Global brokerage firm Nomura raised its stance to 'overweight' on Indian equities in its Asia ex-Japan portfolio, a day after another brokerage Credit Suisse also upgraded India.
NSE
“A number of recent positive developments in India lead us to change our stance to Overweight from Neutral in our regional Asia-ex-Japan allocation. We view India as a counterweight to North Asia as a large liquid market that – despite its strong run recently – does provide a hedge in portfolios," Nomura said in the report.
The brokerage is reallocating to India from Korea, however, it said that it remains 'overweight' on Korea along with China and Indonesia.
As per Nomura, concerns regarding India’s limited fiscal space and vulnerability from Covid-19 have decreased owing to the recent developments, however, it cautions execution of Budget 2021 and other policy proposals remains one of the key risks.
“India’s recent budget aims to prioritise fiscal spending/growth over medium-term fiscal commitment – thus implying a positive medium-term growth outlook, while the Covid-19 situation appears to be largely under control,” Nomura stated in a report.
Another upside as per the brokerage is the solid earnings revision trends.
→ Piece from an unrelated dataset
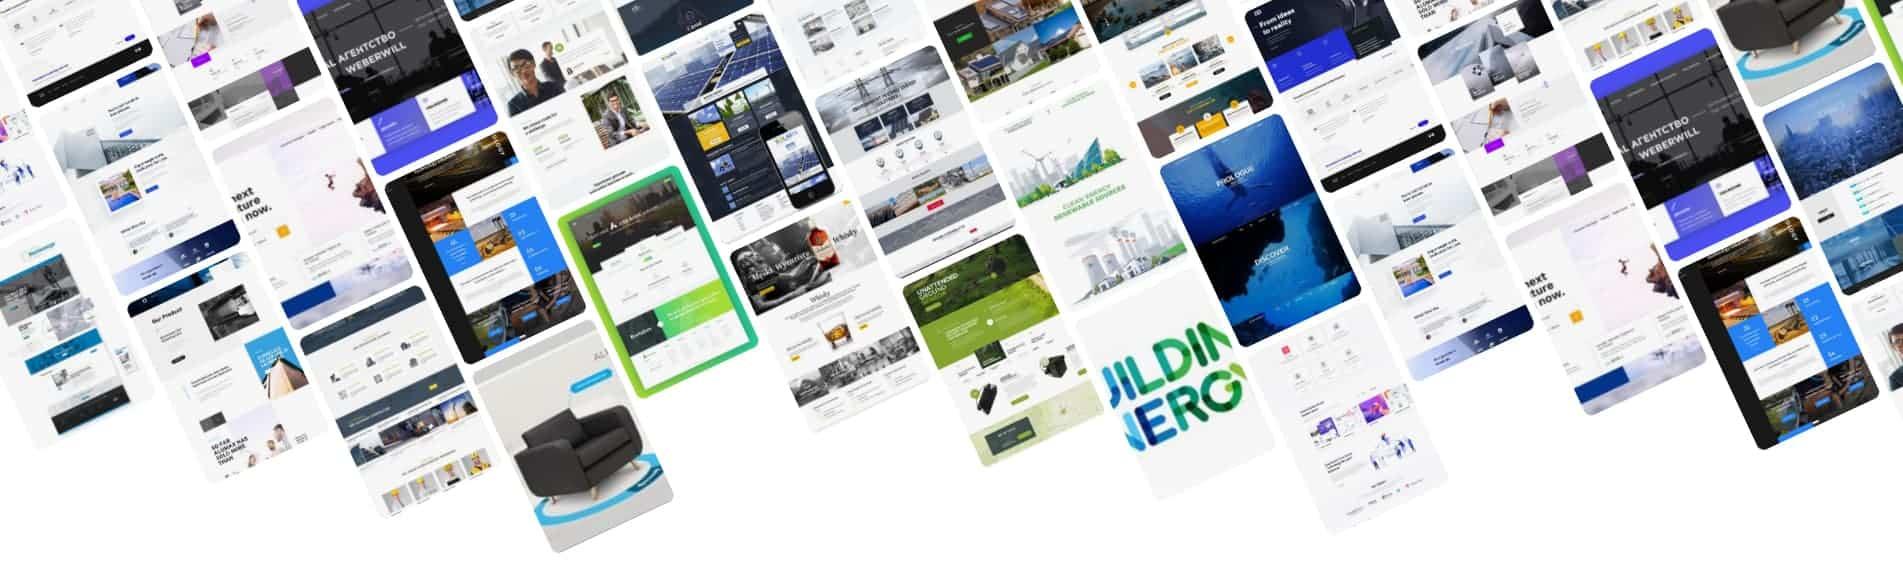 Web Design Idea 4700+ รายการ

It believes India will continue to command premium valuations along with a focus on reforms and measures to attract foreign direct investment (FDI) flows.
However, the brokerage is cautious about the expensive valuations in the Indian stock markets.
“Valuation-wise, India has almost never appeared ‘attractive’ – but today neither are other major regional markets. Whilst absolute valuations at 19.2x two-year-forward PER do not appear very attractive; however, relative to the regional Index (MXASJ), valuations are not as rich. Fiscal/monetary policy support, some focus on reforms and measures to boost FDI flows will likely keep valuations elevated,” Nomura observed.
It added that key risks to watch in the second half of 2021 (H2’2021) include Covid/inflation resurgence, policy normalisation, US Federal Reserve-driven ‘taper tantrum, higher oil/commodity prices and policy execution. But it added that any sustained weakness will likely provide an opportunity to increase India exposure.